EU finance ministers said today there was no need right now to take more budget disciplinary steps against Germany and France for breaking the bloc's budget rules but said they would act in future if needed.
The euro zone's two biggest economies have broken the European Union's deficit cap of 3 per cent of gross domestic product for three years running, but in 2003 they fended off the European Commission's bid to slap them with more disciplinary action.
After a damaging court clash, the EU executive backed down and accepted their deficit cutting pledges at face value.
This won the backing of EU finance ministers meeting today. "The council agrees with the Commission conclusion that no further steps under the EDP (excessive deficit procedure) are necessary at this stage," a summary note said of both Berlin and Paris.
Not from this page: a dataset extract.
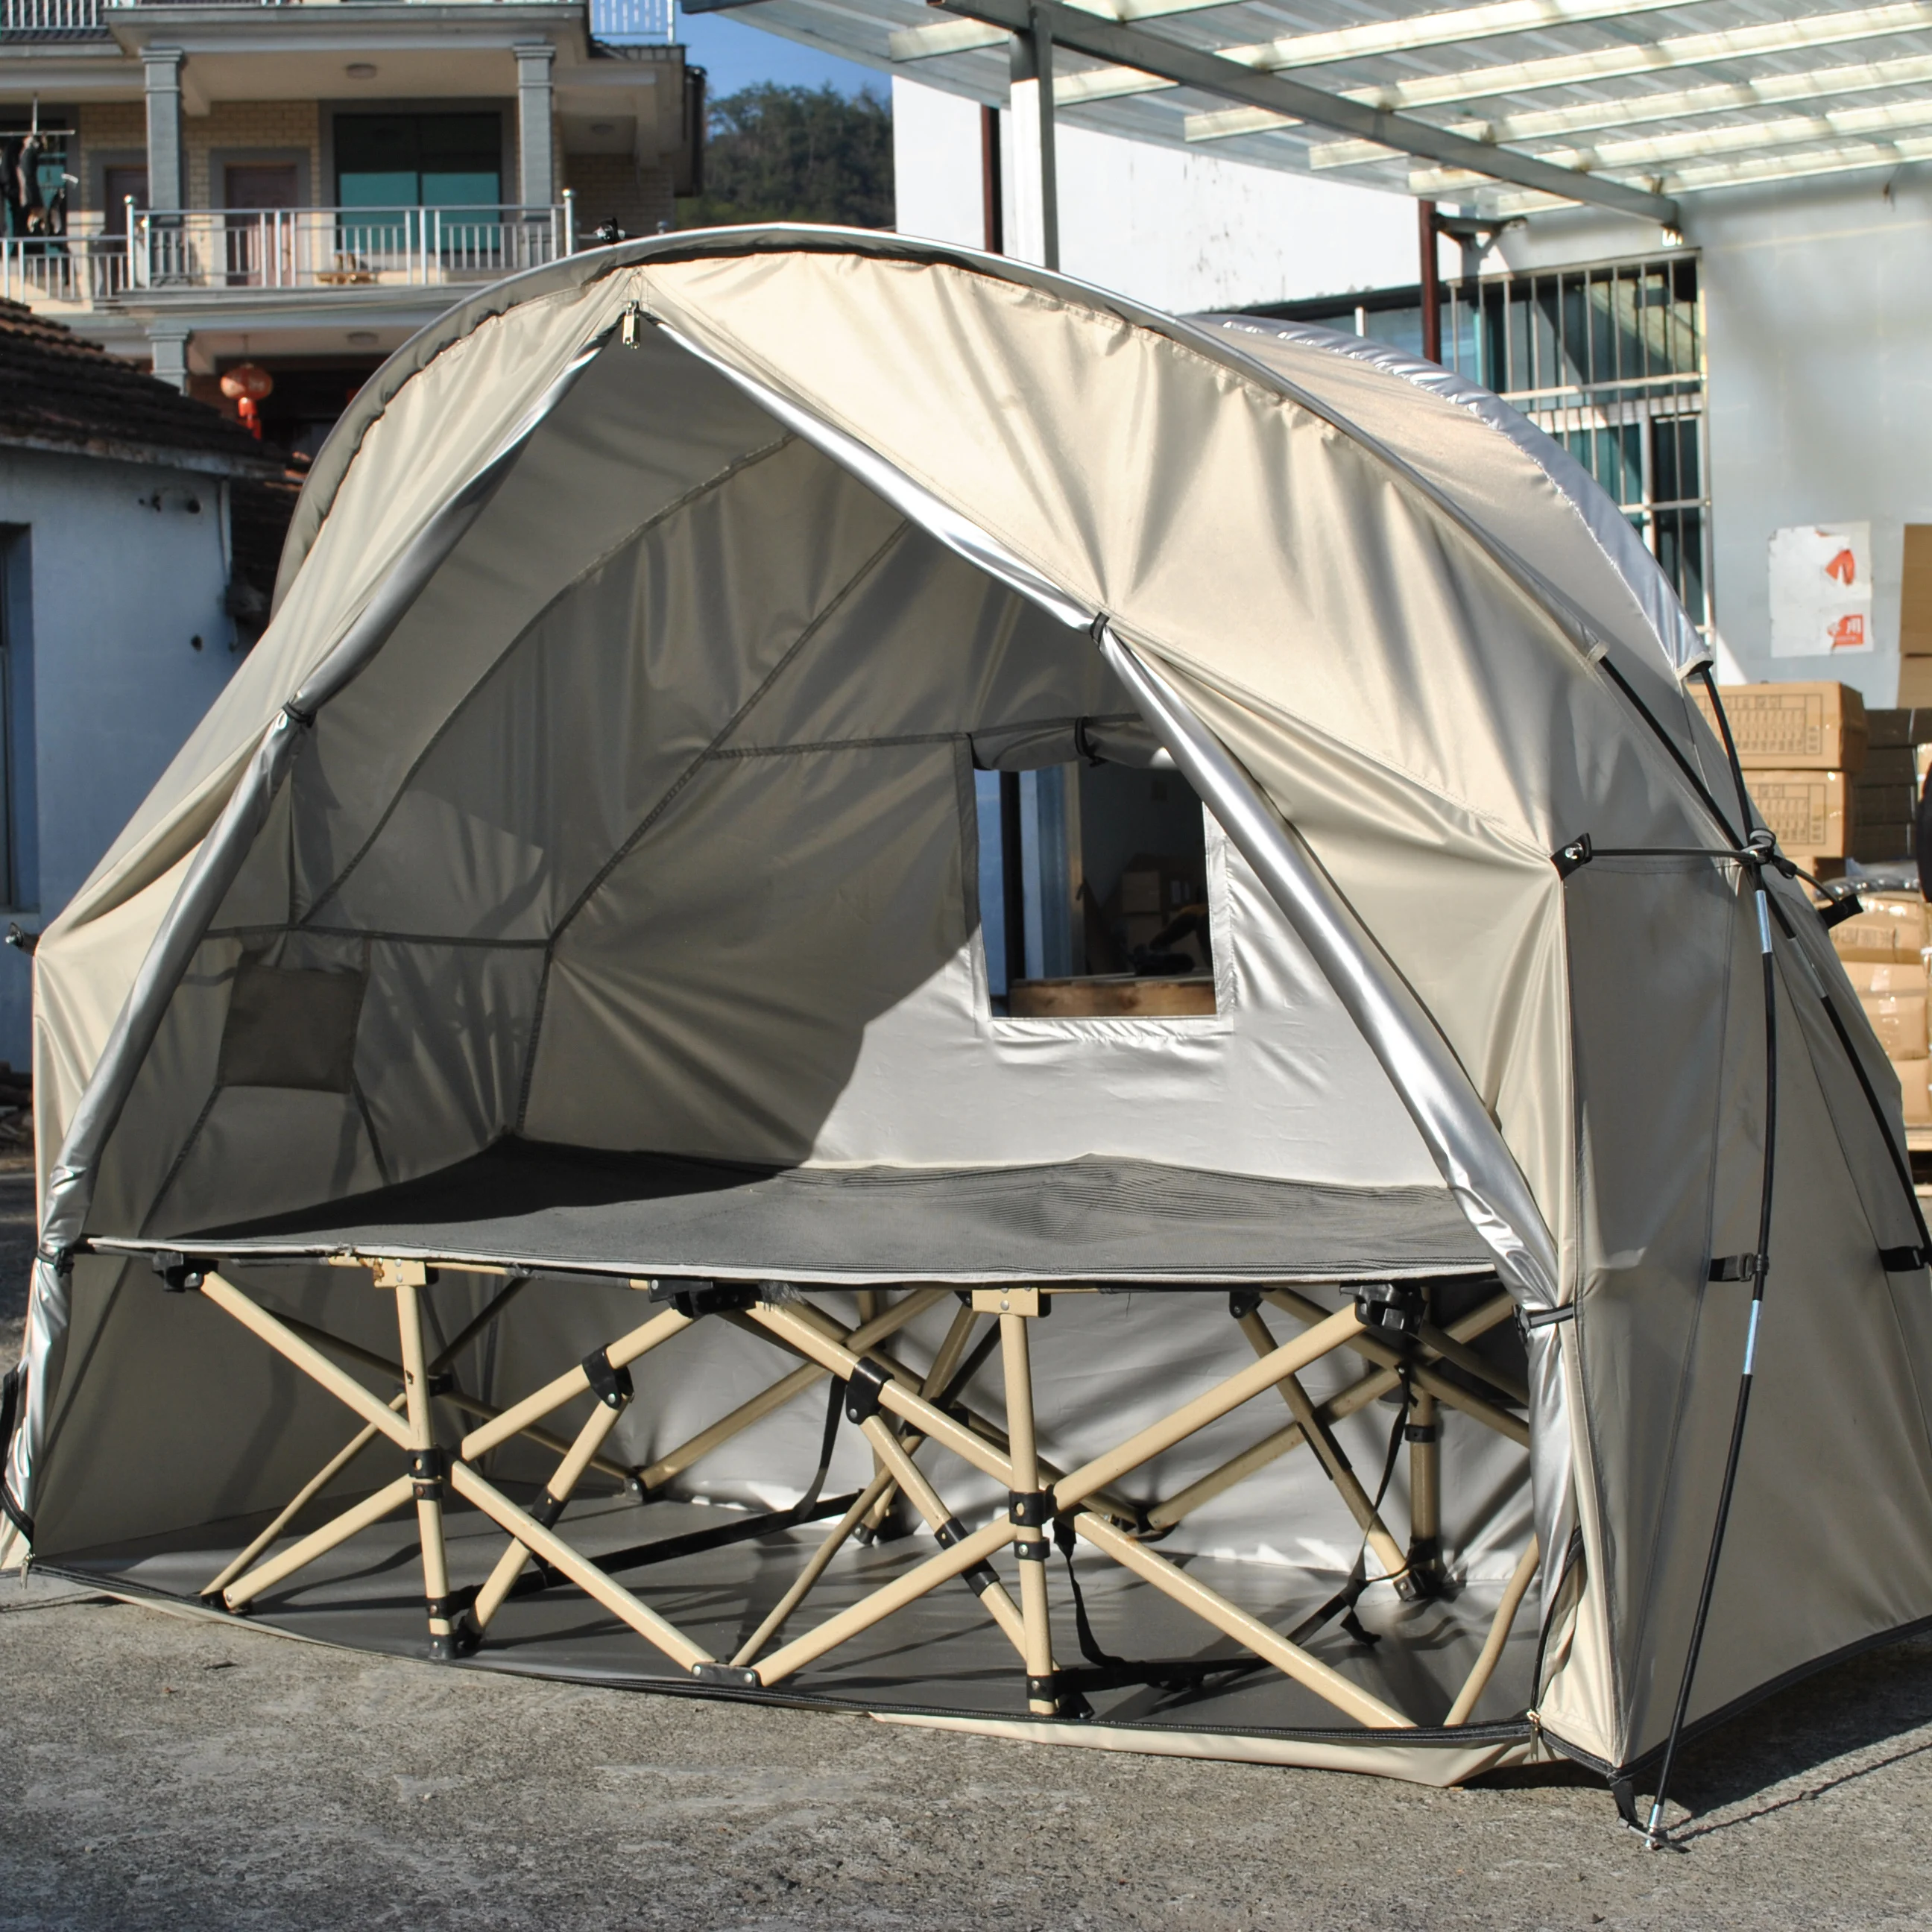 Прочная палатка для детской кроватки Одиночная палатка для кемпинга, водонепроницаемая легкая теплая палатка 4000 мм. В комплект не входит детская кроватка 0

It noted the commitment of Germany and France to bring their deficits below the EU cap in 2005 and keep it under that ceiling in 2006, and made it clear they would be held to their word. "The Commission will continue to monitor compliance with these commitments.
The council, in cooperation with the Commission, stands ready to take steps under the EDP, as appropriate," it said of both countries. The comments come as EU finance ministers are in the throes of debating the best way to reform the Stability and Growth Pact on budget discipline in which the bloc's deficit cap is enshrined.
A separate draft conclusion showed EU finance ministers moving to the next stage of the same disciplinary process against Greece, which has also broken the EU budget deficit cap of 3 per cent of gross domestic product.
They blamed revisions to past budget data, spending overruns linked to the staging of the Olympic Games as well as overruns in some other spending items and shortfalls in some revenues which had not been correctly estimated in the 2004 budget.